The fourth and fifth stanzas describe the children’s liberation within the dream. When an Angel unlocks the coffins and “set[s] them all free” from enforced labor (Line 14), the children can finally behave like children: “leaping, laughing they run” (Line 15). The imagery suggests purification and renewal. The boys “wash in a river and shine in the Sun” (Lines 16): Nature cleanses them of the soot and dirt produced by the society that exploits them. Now that they are “naked” and with “all their bags left behind” (Line 17), relieved of the rags and tools that symbolize their oppression, they are lifted into the clouds as if freed from the chains that weighed them down. They have been saved in a vision of Christian Heaven.
But even in a dream freedom comes at a cost. The Angel makes a demand of Tom: He will have “God for his father” and never lack joy (Line 20), but only “if he’d be a good boy” (Line 19). It is not surprising that this message concludes little Tom’s dream, since no doubt he has heard similar words many times from authorities. He has completely internalized the idea that he can only deserve Christian salvation by being good—that is, obedient and submissive, no matter how degraded and exploited he is. This thought keeps him “happy & warm” (Line 23), as he and the other boys have to get “our bags & our brushes” (Line 22), the very symbols of their exploitation, and head to work through the cold and dark London morning. Only in a dream can Tom and the other sweeps be free of burden, the poem implies—equating the fleeting fancy of Tom’s own nighttime dream to the empty promises of religion that only reinforces existing exploitative power structures.

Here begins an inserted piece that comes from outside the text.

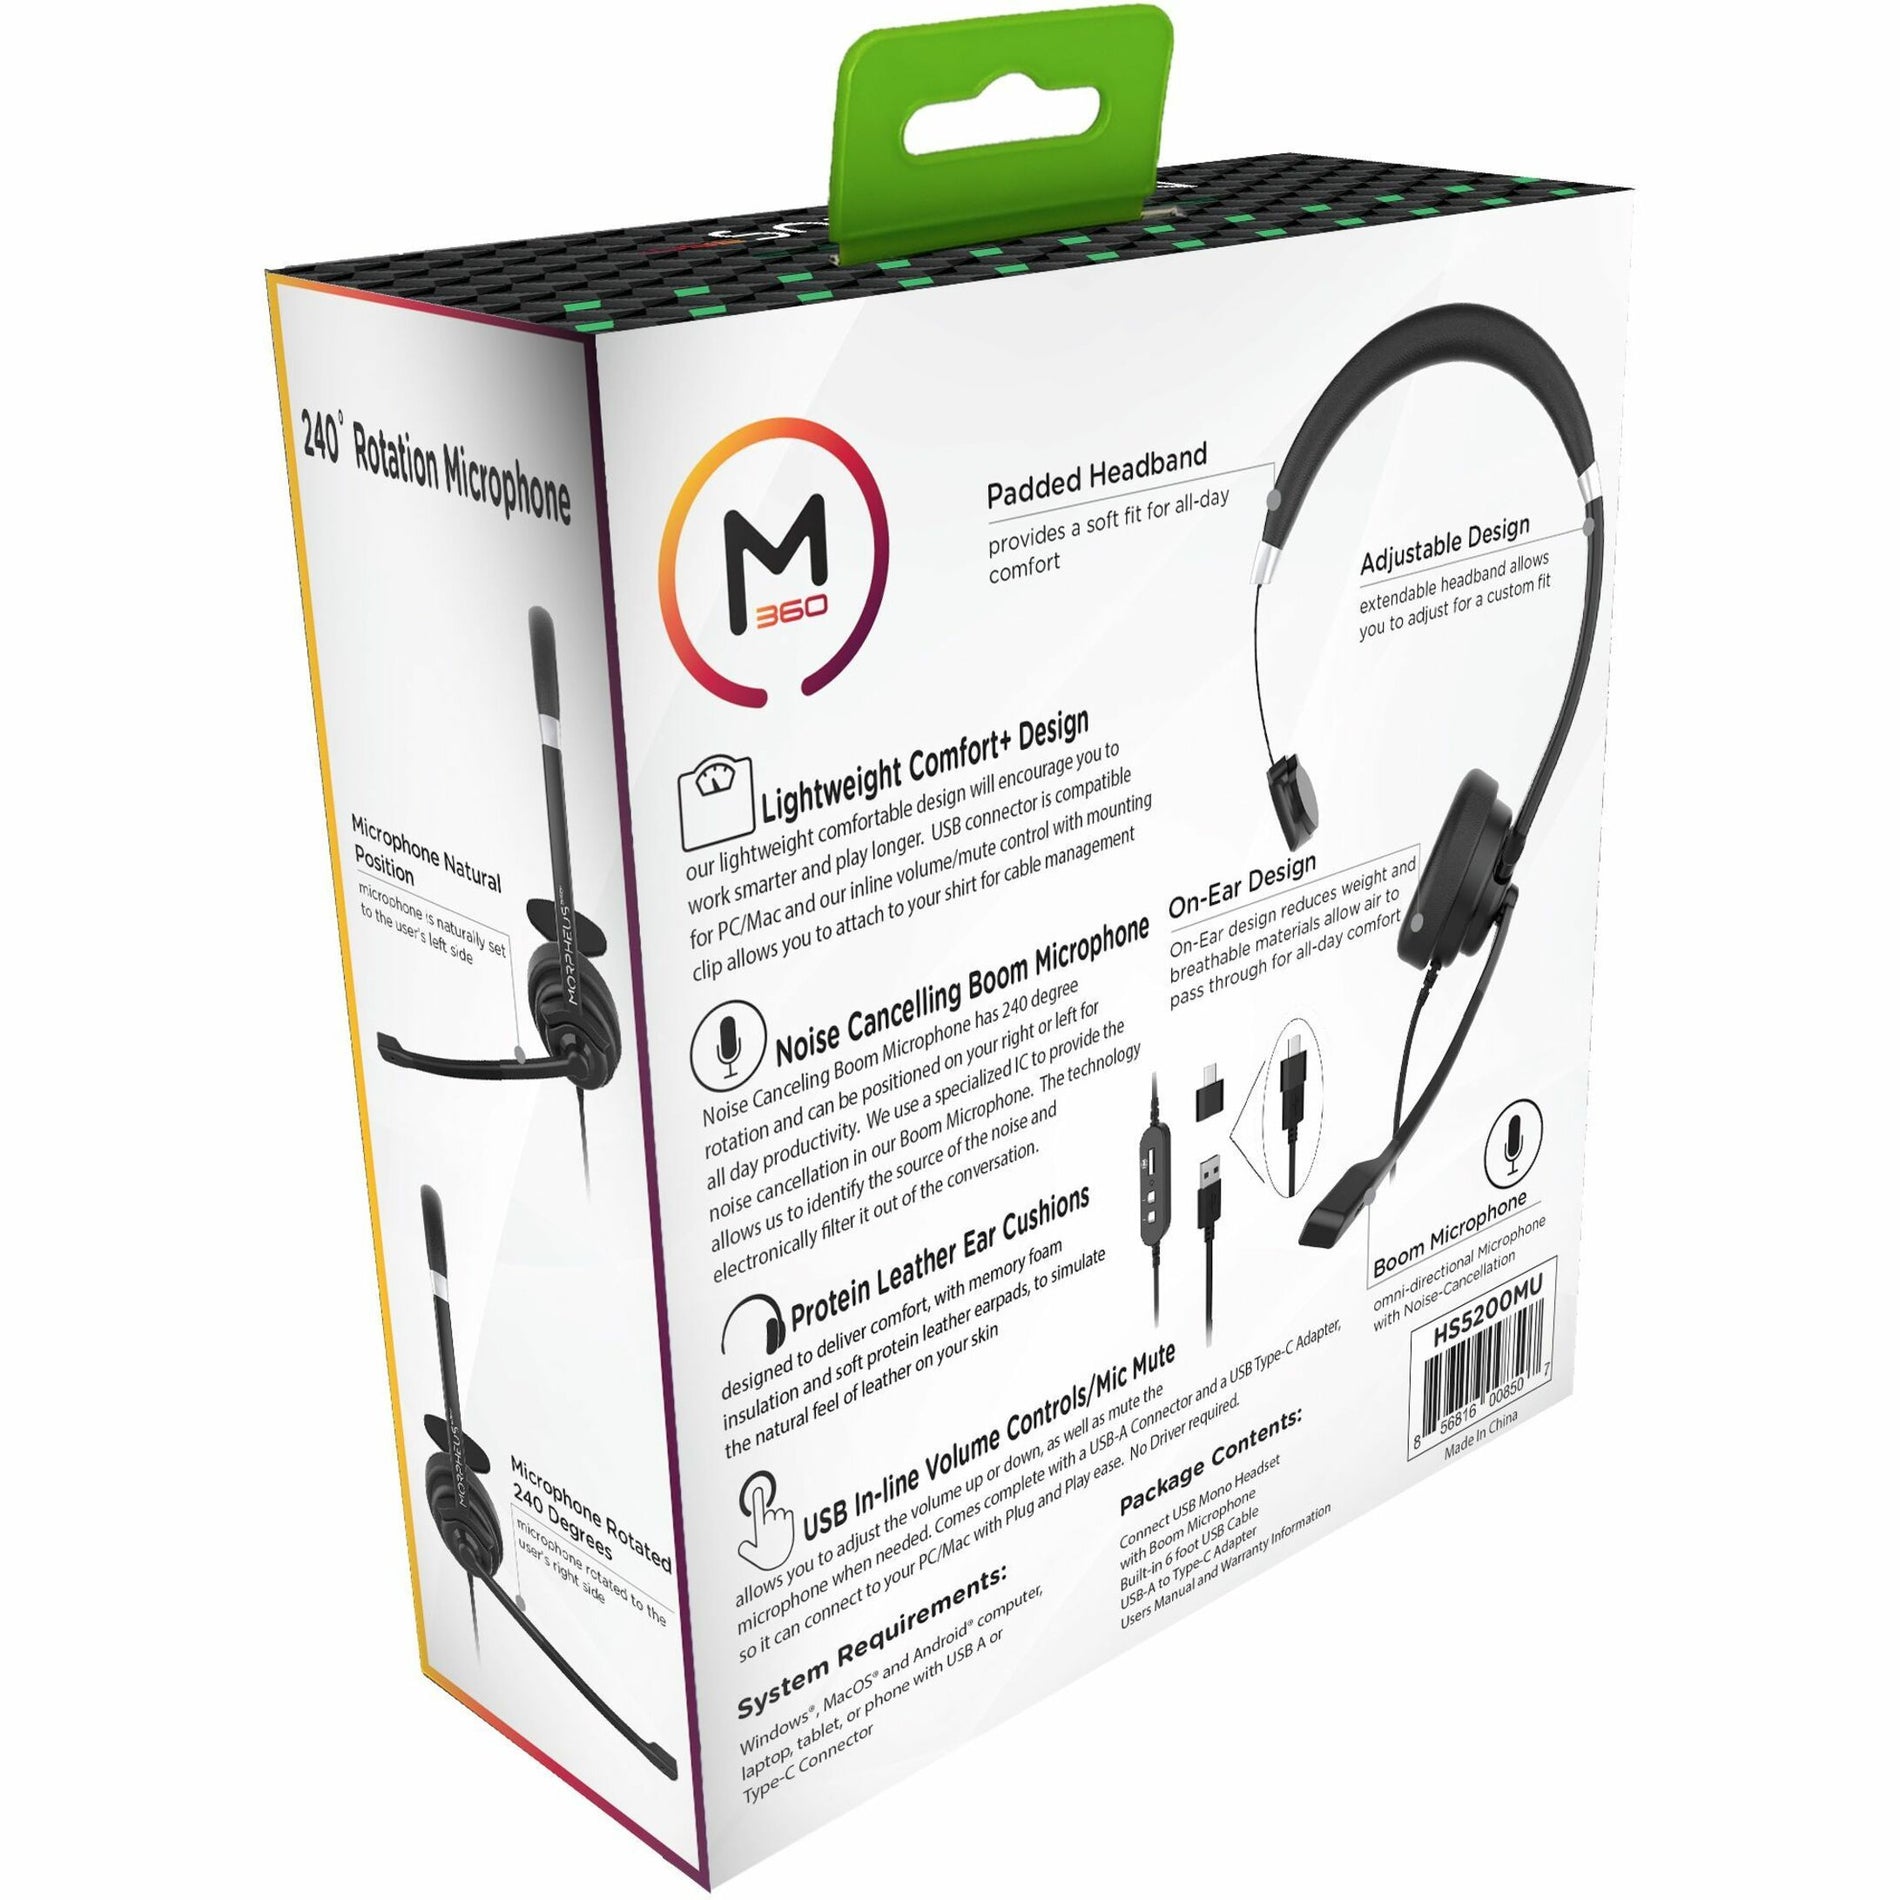 Casque mono USB Morpheus 360 HS5200MU avec microphone à perche confortable brancher et jouer léger.
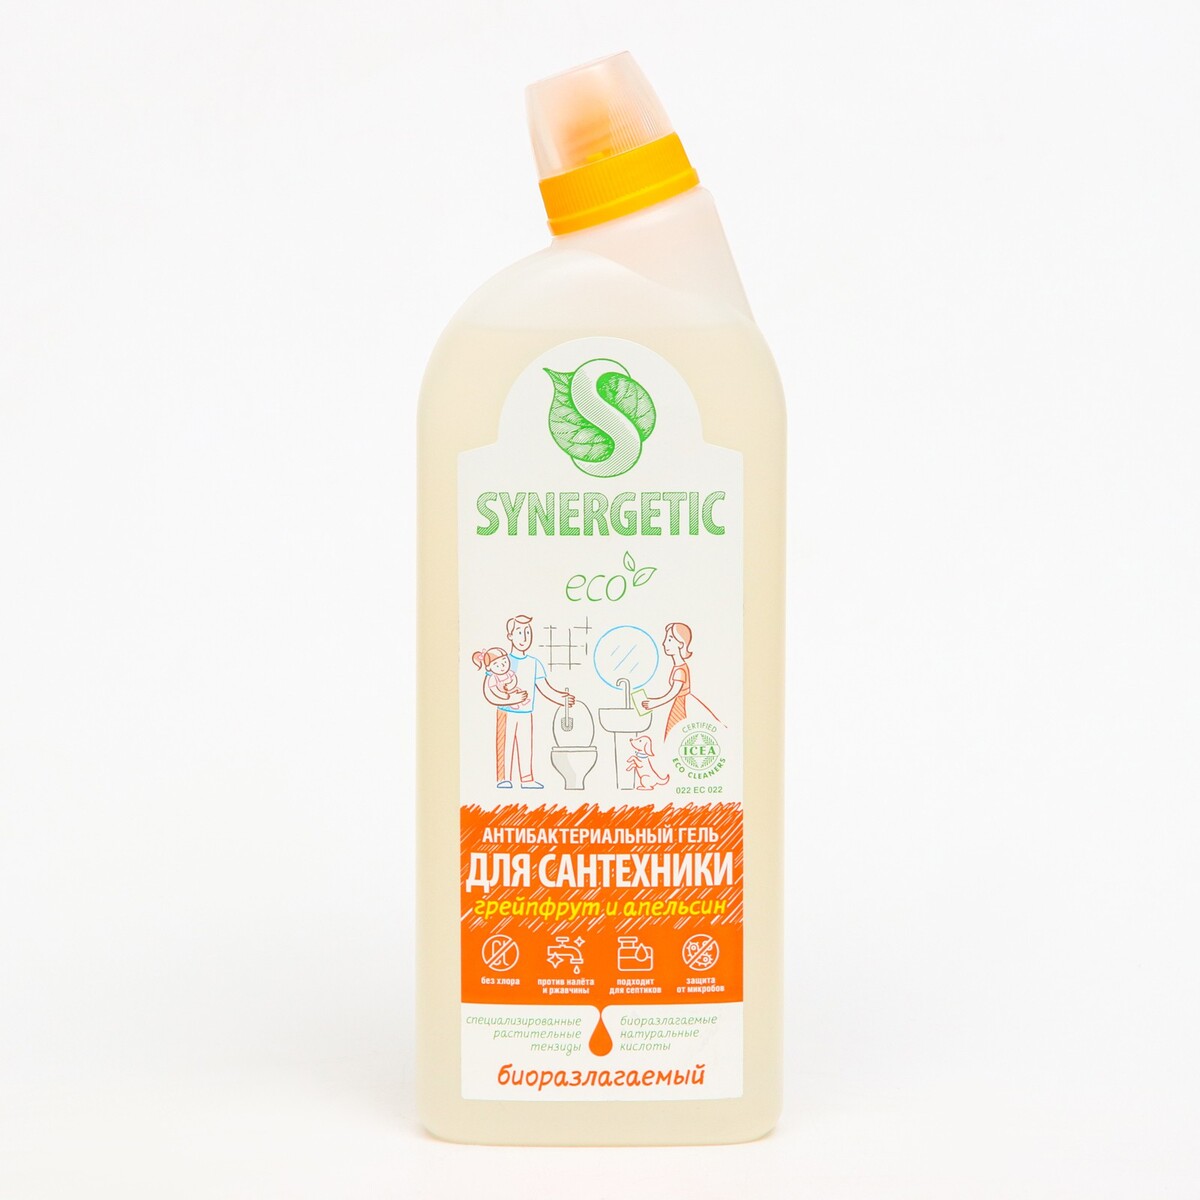 Средство биоразлагаемое для мытья сантехники synergetic грейпфрут и апельсин 5 в 1, 0,7л

The last line of the poem sums up the lesson that Tom has learned: “So if all do their duty, they need not fear harm” (Line 24). On its own, the poem can easily be taken for an example of conventional 18th-century poetry for children, explicitly didactic, contrived to teach a Christian moral lesson. But the lesson is expressed in such a glib manner that it invites the suspicion that we should not take it at face value. There is irony and sarcasm in the neatness of the moral, especially as the poem contrasts its facile vagueness with the horrific image of children buried in their sooty work coffins. Indeed, the context of the complete collection Songs of Innocence and of Experience makes it clear that Blake does not promote such simplistic moralizing. He uses the conventional rhetoric of didactic poetry to raise questions about the impact of such messages on individuals’ ability to raise their voices against the oppression to which they are subjugated.